BEGIN GIVEN DATA

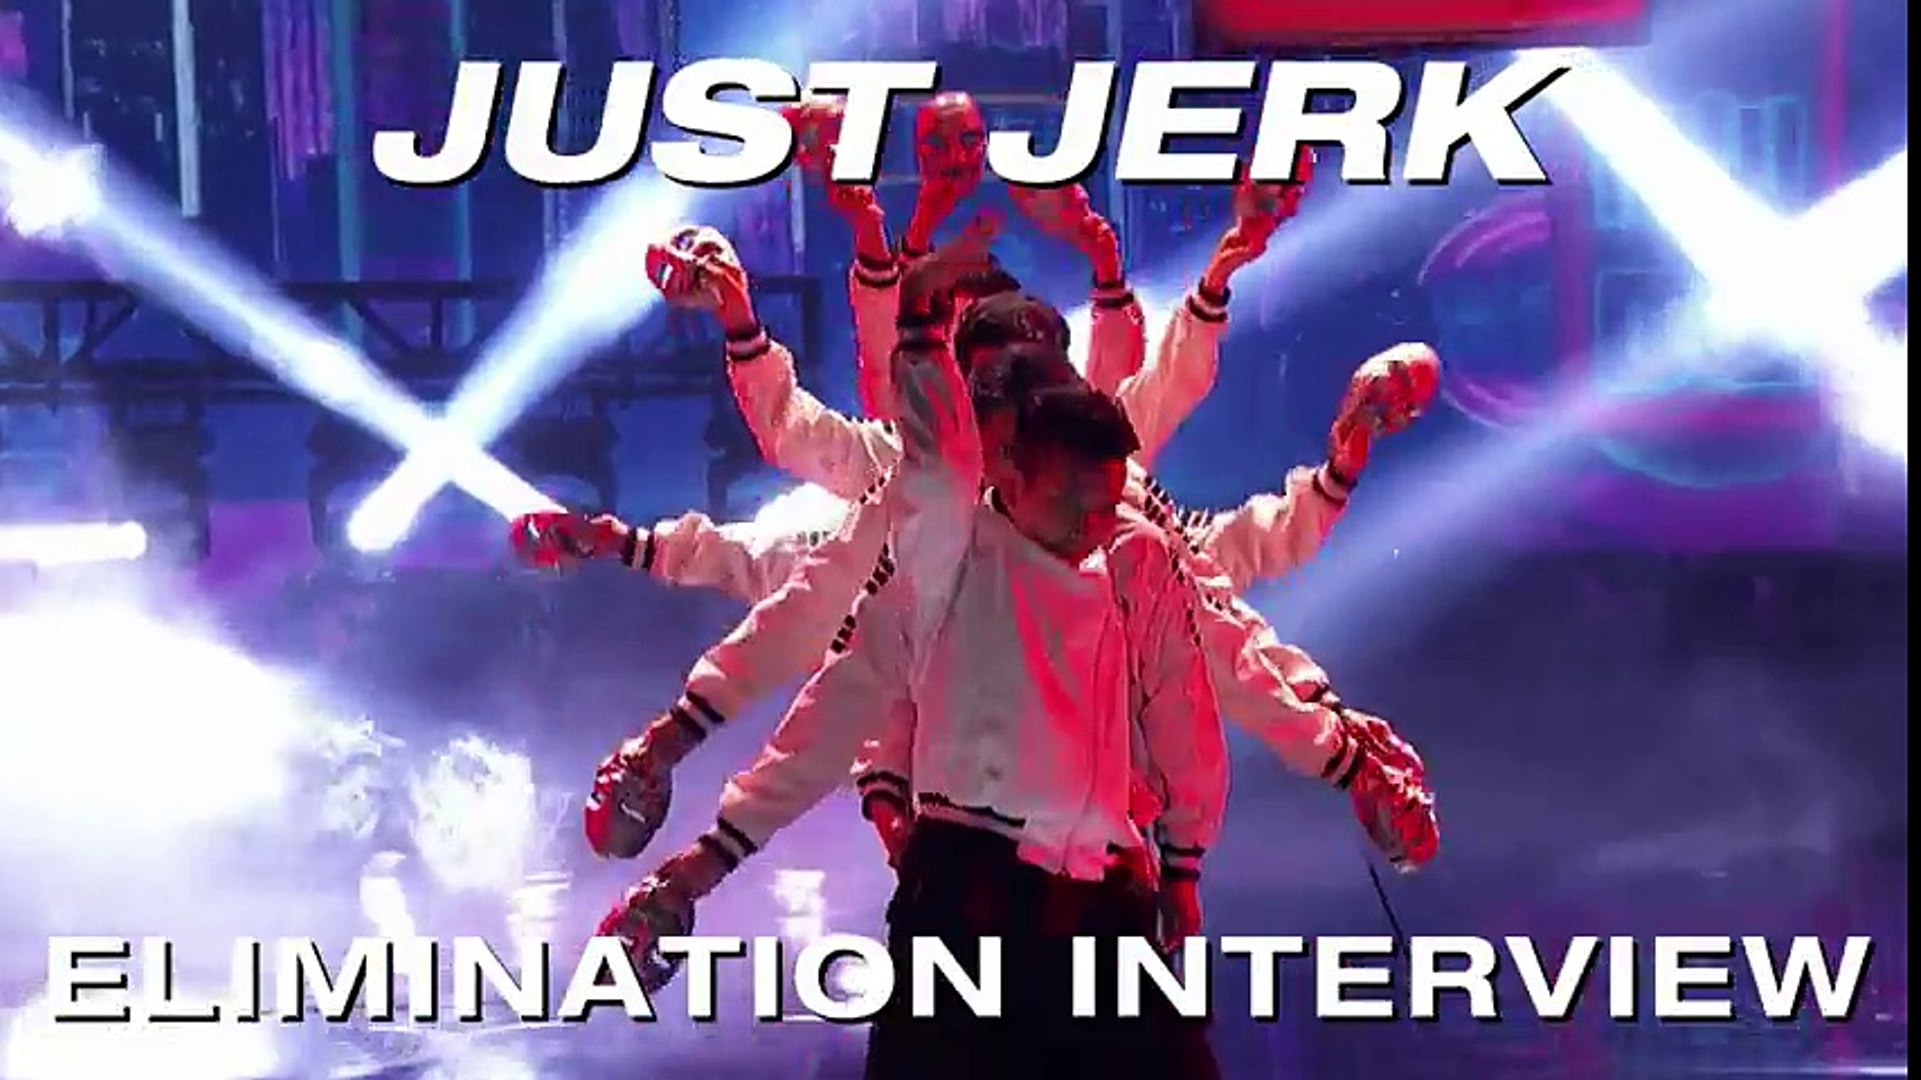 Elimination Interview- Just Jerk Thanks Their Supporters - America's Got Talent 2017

END GIVEN DATA
BEGIN GIVEN DATA

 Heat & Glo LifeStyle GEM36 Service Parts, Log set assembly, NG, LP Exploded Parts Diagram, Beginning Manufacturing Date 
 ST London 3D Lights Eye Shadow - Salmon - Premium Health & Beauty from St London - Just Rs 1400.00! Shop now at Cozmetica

END GIVEN DATA

TASK GOAL – Of the lines above, extract only those from the line with "Heat & Glo LifeStyle" to the line with "ST London 3D", both included, exactly as written.

RESULT OF THIS EXERCISE –
 Heat & Glo LifeStyle GEM36 Service Parts, Log set assembly, NG, LP Exploded Parts Diagram, Beginning Manufacturing Date 
 ST London 3D Lights Eye Shadow - Salmon - Premium Health & Beauty from St London - Just Rs 1400.00! Shop now at Cozmetica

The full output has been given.